Hope You Got That Declaration Shot in Already!

Word is filtering down today that the National Archives will be banning photography come February 24th (we saw it on the Post via WeLoveDC). According to their notice in the Federal Register, the Archives "seeks to ensure the necessary protection for the documents from the cumulative effects of photographic flash and to enhance the overall visitor experience."

Now we aren't going to quibble with the first part of their explanation. The Declaration of Independence, Constitution, Bill of Rights, etc. are priceless national treasures (I don't care if Nic Cage says so too, they are!) and the American people are going to hold the Archives responsible for their condition. If too many visitors' flashes are going off, so be it. I tell my groups on the bus, most of my teachers re-iterate it, the guards at the door tell visitors, and we're reminded before we go into the Rotunda. And yet, I still have a handful every year that don't get the message. So if this is what has to happen, ok then.

But I don't buy the second part. As quoted in the Register, "NARA does not believe that this rule will create problems for tourists. The agency believes this rule creates a better visitor experience." Now, this rule will, quite frankly, create a better tour guide experience for me. But I fail to see how this is better for visitors. There are three places that every group kills my time-line getting the same shot: here, the White House, and from the steps of the Lincoln Memorial looking east. I used to rail against this, try to hurry them along, bemused at these silly tourists and frustrated at the havoc they are wrecking with my schedule.

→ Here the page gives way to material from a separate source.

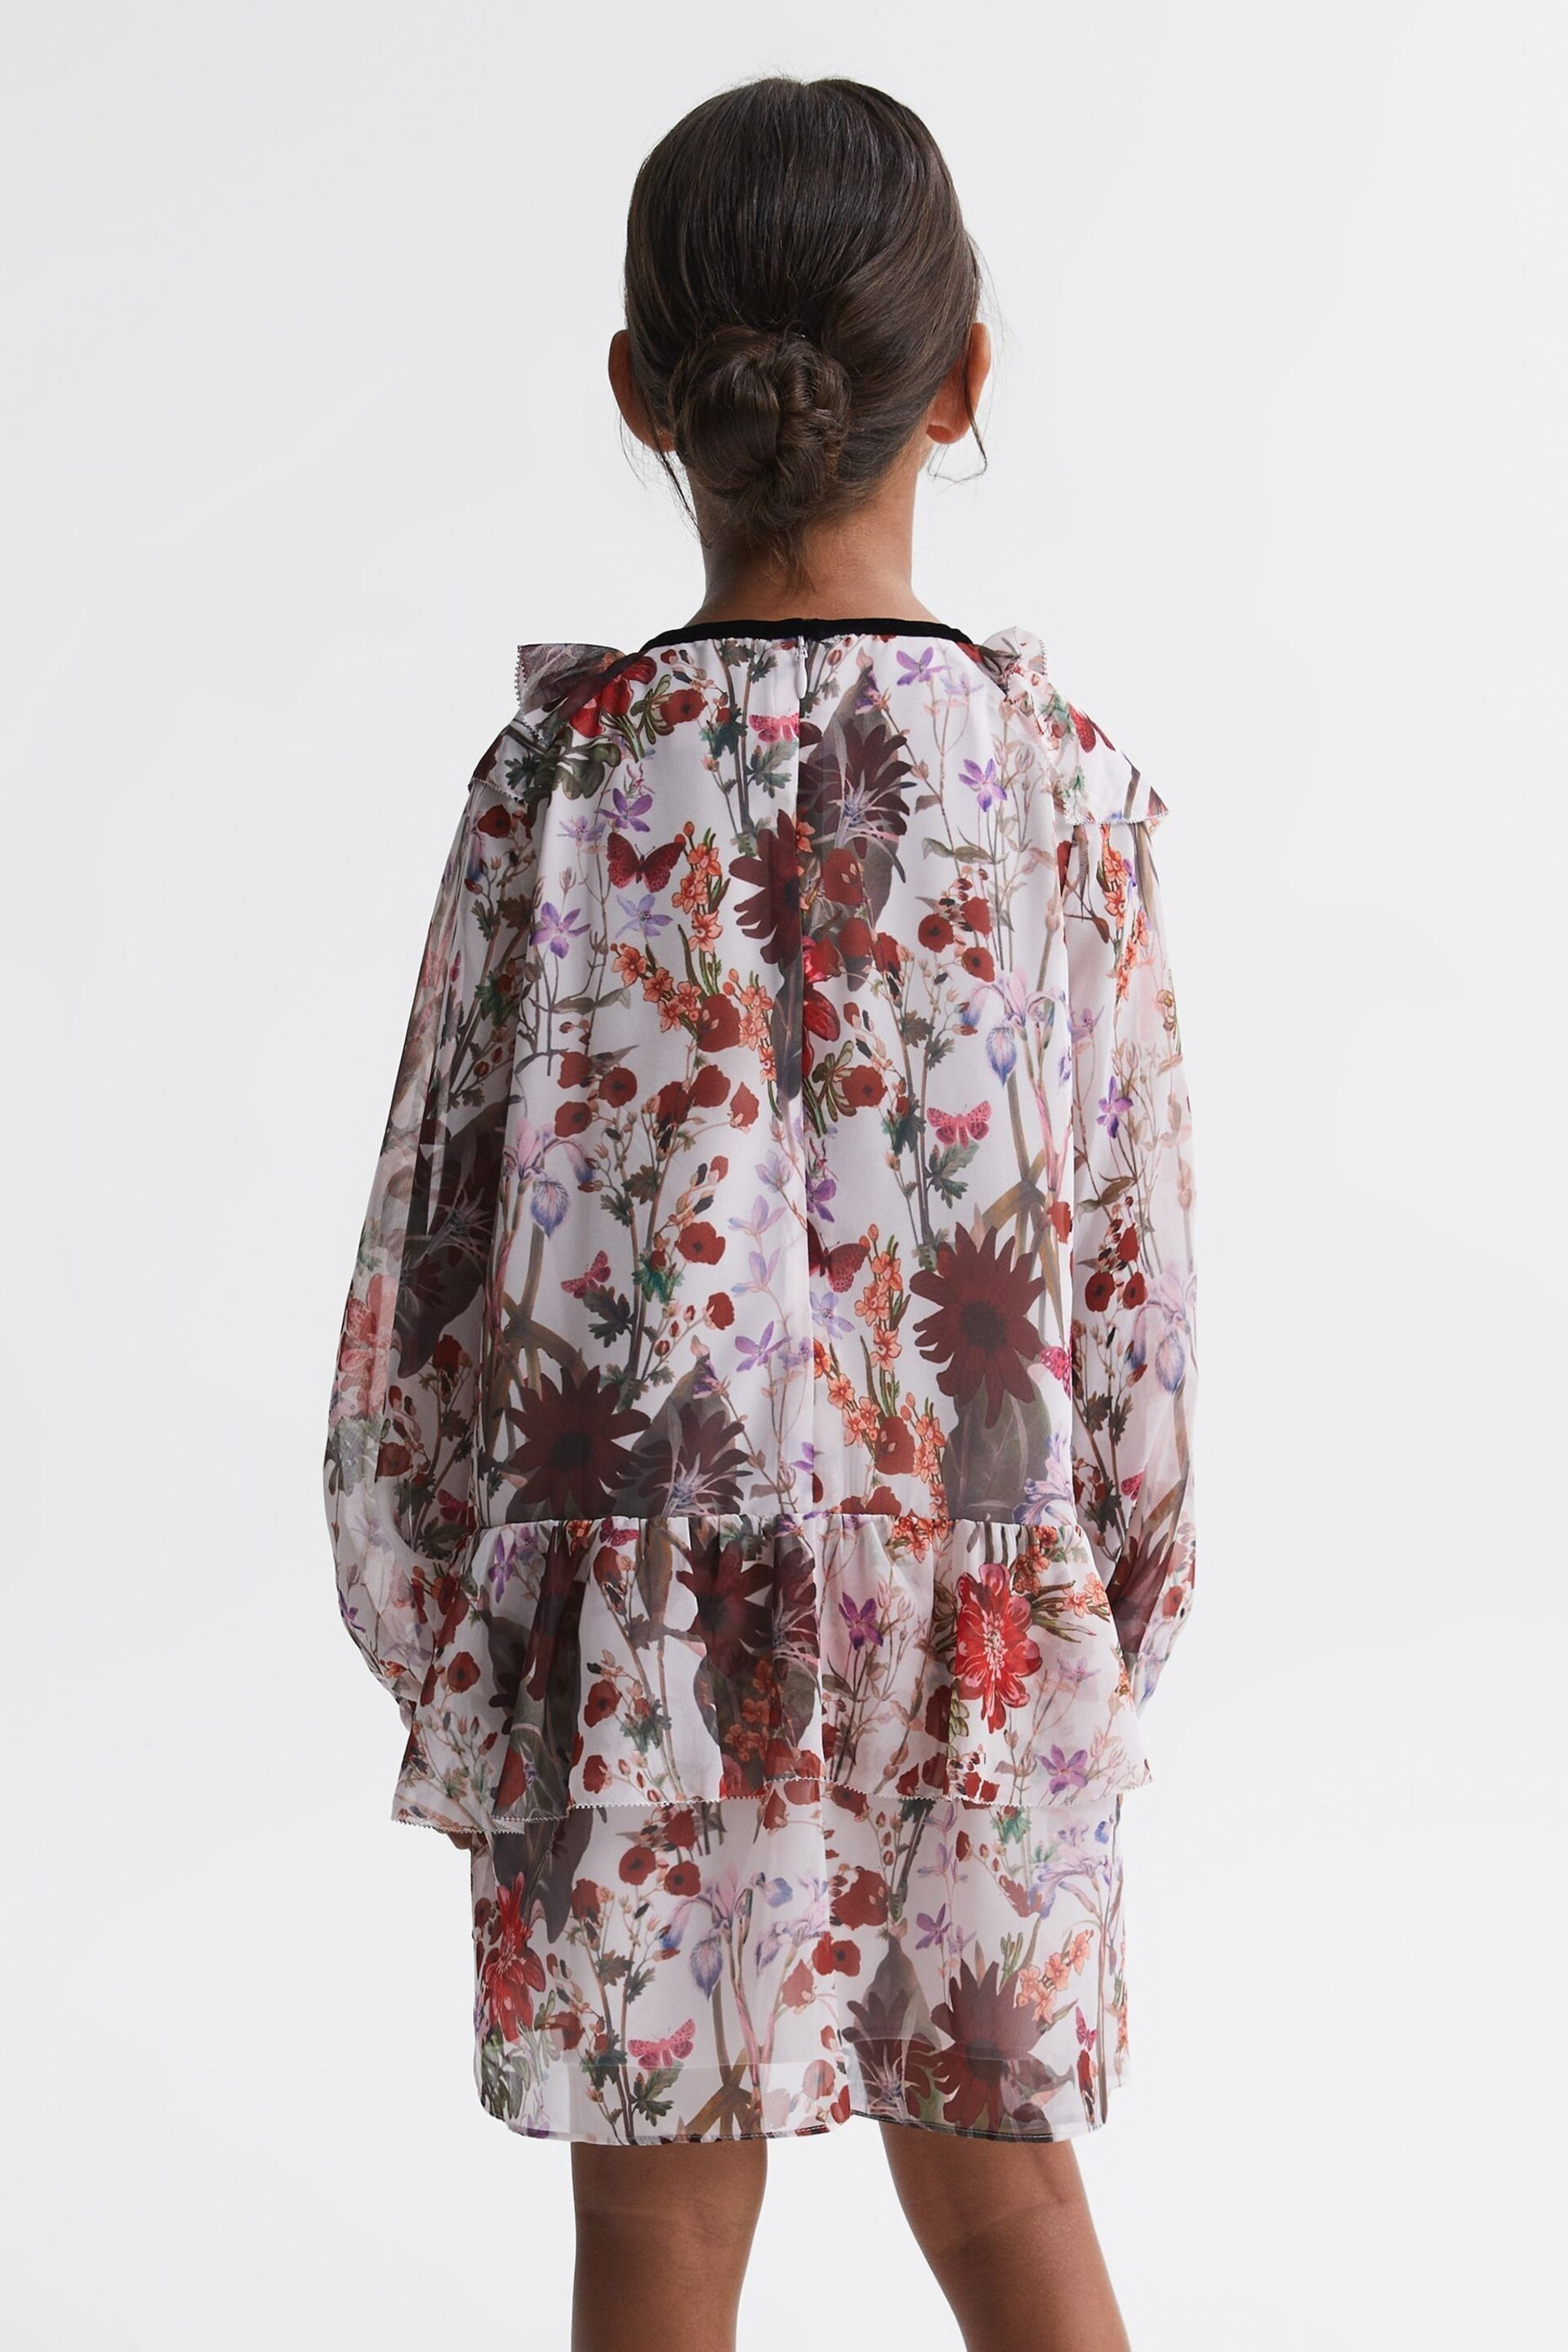 Reiss Multi Yara Senior Floral Frill Bow Dress - Image 5 of 6

And then it dawned on me, as it has failed to do with the National Archives: this is the experience they are here to get, not my feeble attempts. Its my problem, not theirs; hurrying along trying to cross things off a list. So what if ten thousand people this month have already got the same shot? Or that a simple flickr search can get dozens of the same image? Or, as the Archives so patronizingly says, " the National Archives Shop has facsimiles of various sizes and price ranges available for purchase". None of these get it. The point is, that these cheesy pictures have served to make the visit real and theirs to hundreds of thousands of Americans every year. It's a connection they both communally and individually achieve. Now we'll all just file by, respectful and silent. Like at a tomb.

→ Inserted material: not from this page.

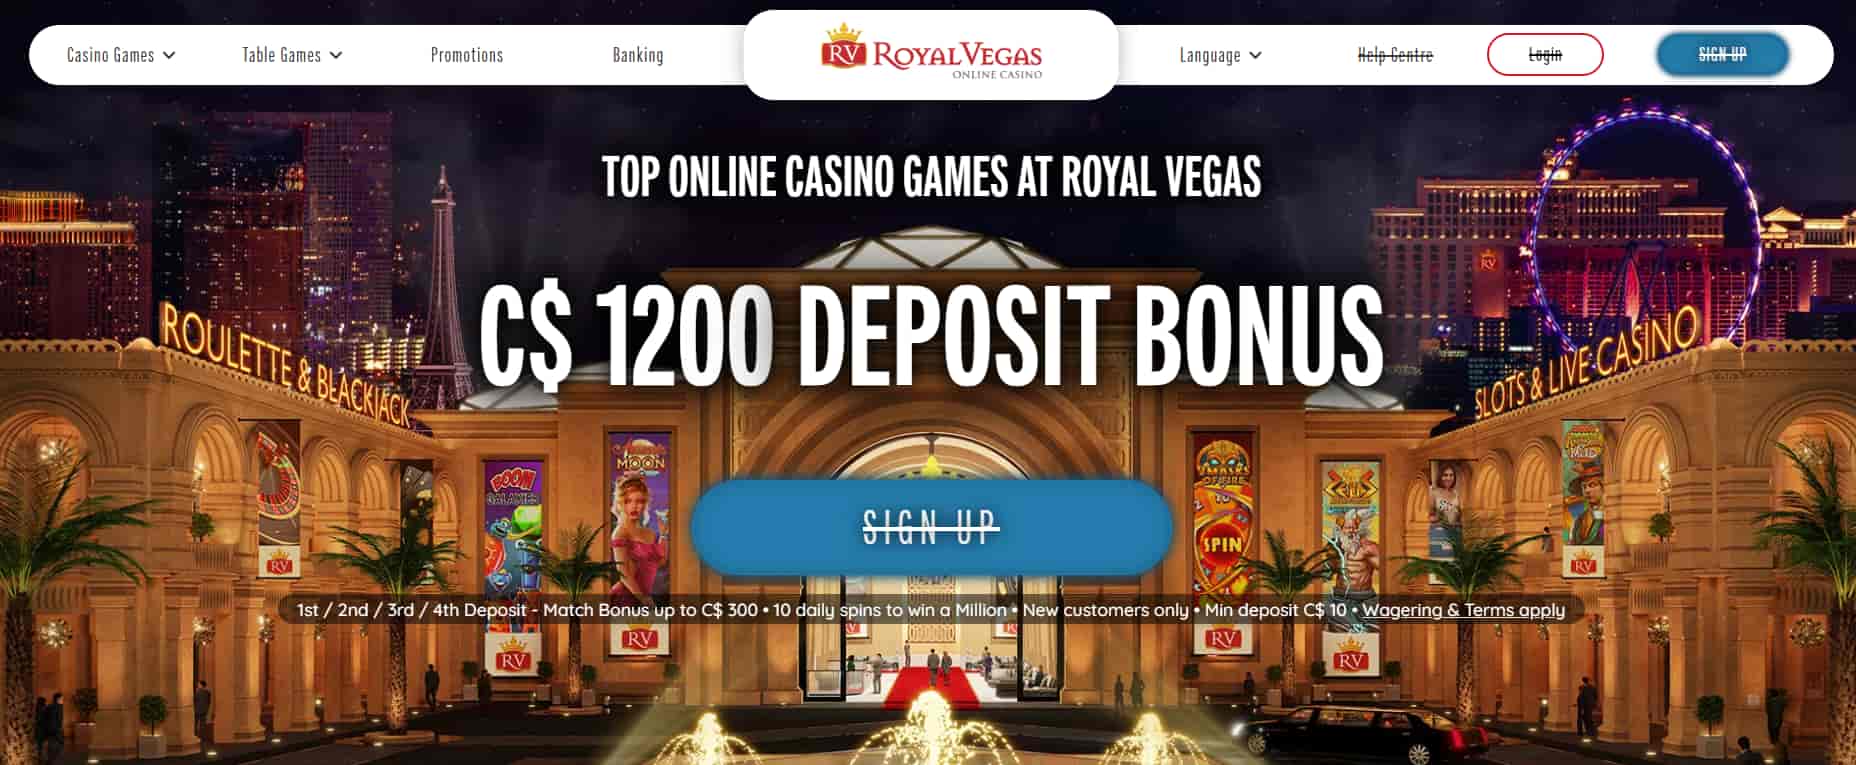 royalvegas casino review

And also, speaking as someone reasonably familiar with the ways of Washington, it is supremely cheesy to slip this out in the Federal Register. A sixty day comment period only announced in the Register? Come on, that's weak. Like I said, if it has to happen for preservation reasons, most of us can support that. Why not announce it then? Did you think we wouldn't notice? There's a reason only three people commented; no one saw it! We expect better, Archives. I can't help but notice that your website still does not reflect this change.

The National Archives is an incredible institution, one of my favorite places to visit. This was poorly handled.